Education in Europe - Roman Education
Science EncyclopediaScience & Philosophy: Dysprosium to Electrophoresis - Electrophoretic TheoryEducation in Europe - Greek Education, Roman Education, Education Of Women In Greece And Rome, Medieval Education, From The Renaissance To The Enlightenment
Education in the early centuries of the Roman Republic consisted primarily of fathers passing on family traditions and skills to their sons. After reaching adulthood at the age of sixteen, the young man came under the guidance of an older man who groomed him in public speaking and other useful skills for a career as a member of a republic. He also served in the army because he would in time be expected to command troops. By the middle of the second century B.C.E., when Rome ruled a far-flung empire, formal education had developed. Greek educational ideas and practices influenced Rome, as they did the rest of the Mediterranean world. The education of upper-class Romans was Greek schooling that later became Latin. The conquest of Greece aided this process by producing Greek slaves, some much better educated than their Roman masters.

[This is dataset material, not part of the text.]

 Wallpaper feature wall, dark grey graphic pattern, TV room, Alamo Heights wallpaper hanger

A Greek slave tutored the child in simple reading until he went to elementary school at six or seven to be taught reading, writing, and arithmetic. At twelve or thirteen the boy went to a secondary school, where he studied mostly Greek literature until the middle of the first century B.C.E. Upper-class Romans were bilingual at this time. Then, after the lifetime of Marcus Tullius Cicero (106–43 B.C.E.), who had popularized Greek pedagogical and philosophical ideas in his many works, Roman schools became Latin. Students read the great Roman poets Virgil (70–19 B.C.E.) and Horace (65–8 B.C.E.), the historians Livy (59 B.C.E.–17 C.E.) and Sallust (86–35 or 34B.C.E.), the comic dramatist Terence (186 or 185–?159 B.C.E.) and, of course, Cicero, whose treatises systematized Greek rhetorical instruction. While Greek remained part of the curriculum, bilingualism declined.

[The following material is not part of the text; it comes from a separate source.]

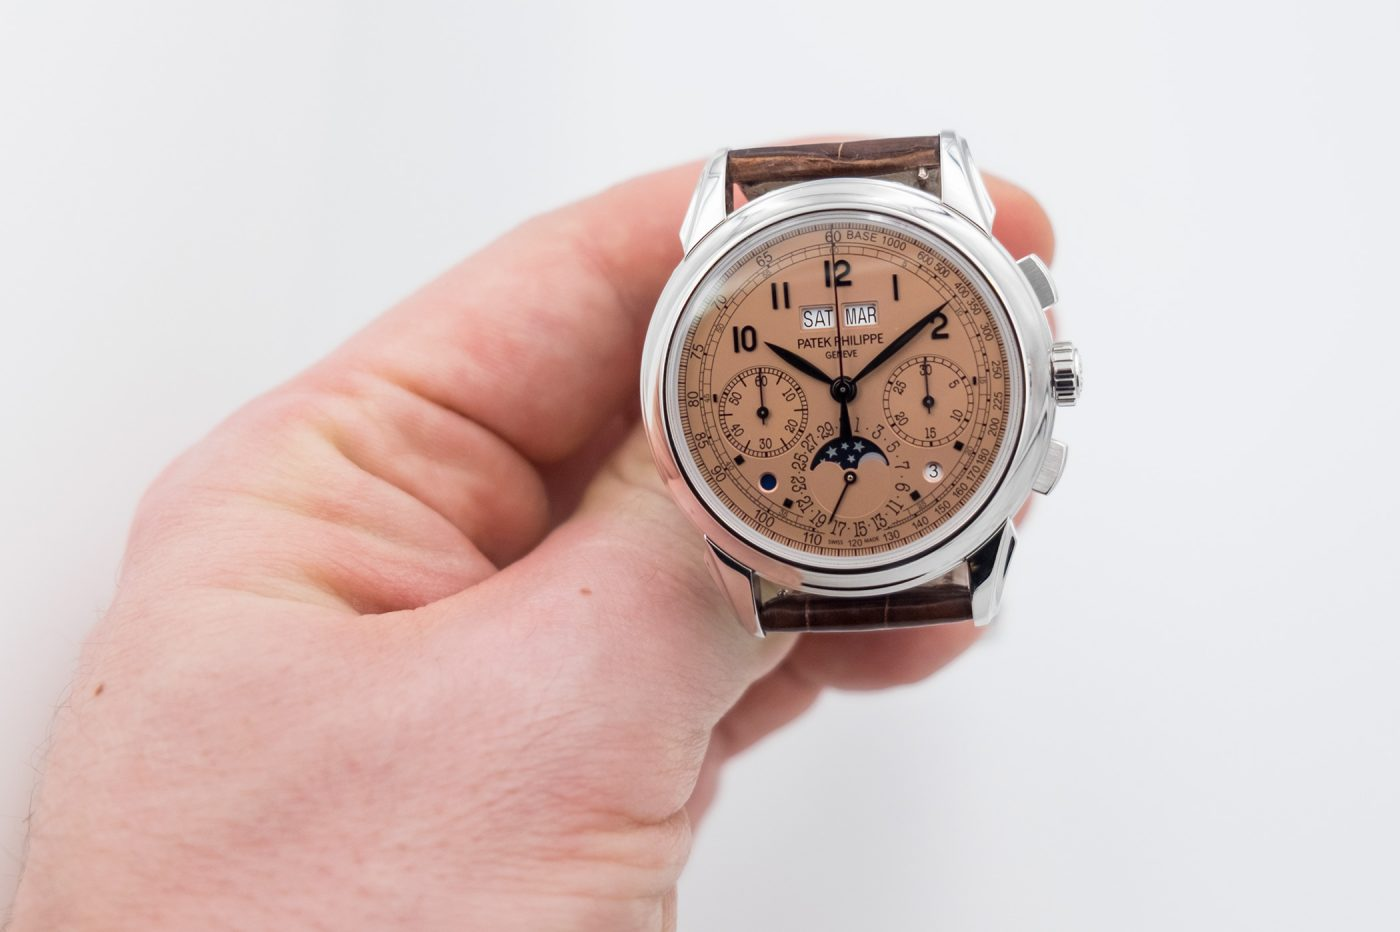 Patek Philippe Chronograph Perpetual Calendar Ref.5207P-001 –  teraz w platynie – Basel 2018 [zdjęcia live, cena]

The highest level of Roman education began at about the age of sixteen and focused on rhetoric. As in Greek education, the goal was to learn to speak and write effectively as needed in public life and the law courts. If anything, the emphasis on oratory in Roman schools was stronger than in Greek schools because other parts of the Greek curriculum, such as music and athletics, were eliminated, and the Romans had little interest in science and philosophy. Roman schools used rhetoric manuals that systematized Greek rhetorical instruction.

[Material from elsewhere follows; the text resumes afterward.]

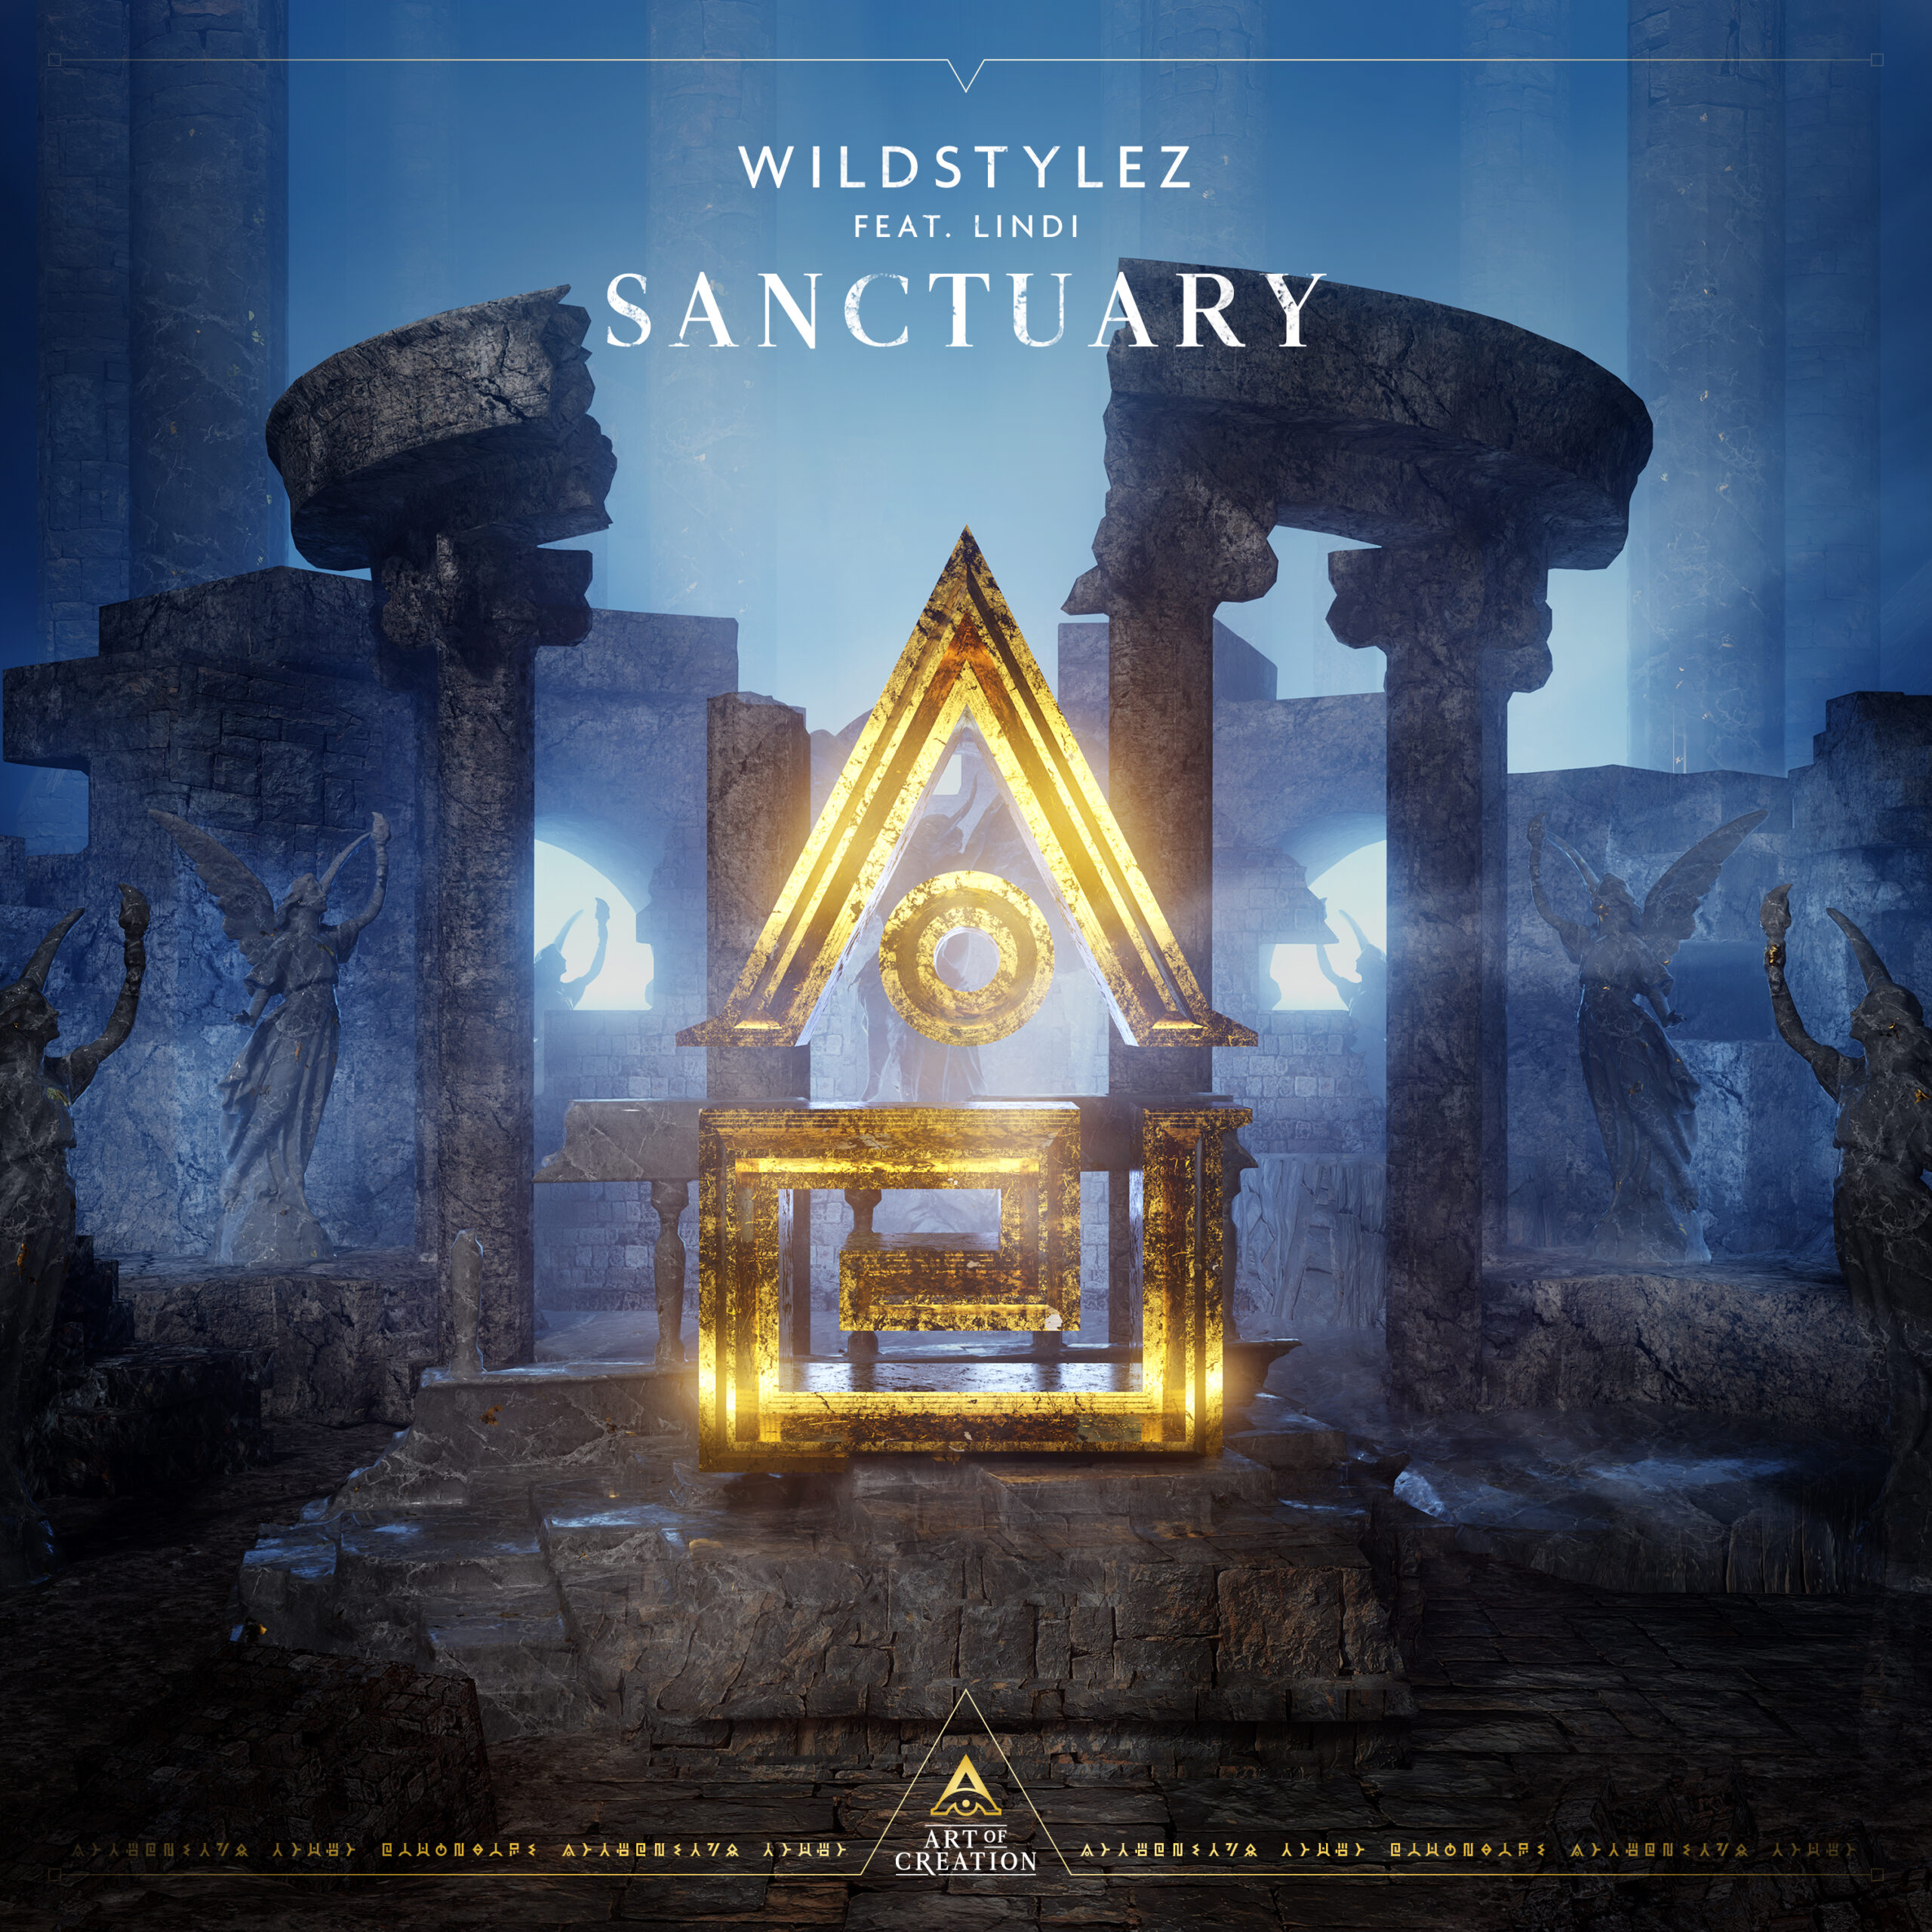 Wildstylez ft. Lindi - Sanctuary

Greco-Roman education prepared upper-class males for leadership roles. Educators hoped to give their students the proper civic and moral values based on the traditions and literature of the Greek city or Roman state. They tried to educate the person rather than impart knowledge. Above all, Greco-Roman education taught rhetoric, a practical skill for future leaders of self-governing societies in which the spoken word meant a great deal. The emphasis on rhetoric continued even after Rome had become a dictatorship ruled by the will and whims of emperors. Despite the great mathematical, medical, philosophical, and scientific accomplishments of ancient Greece, Greco-Roman education did not stress these.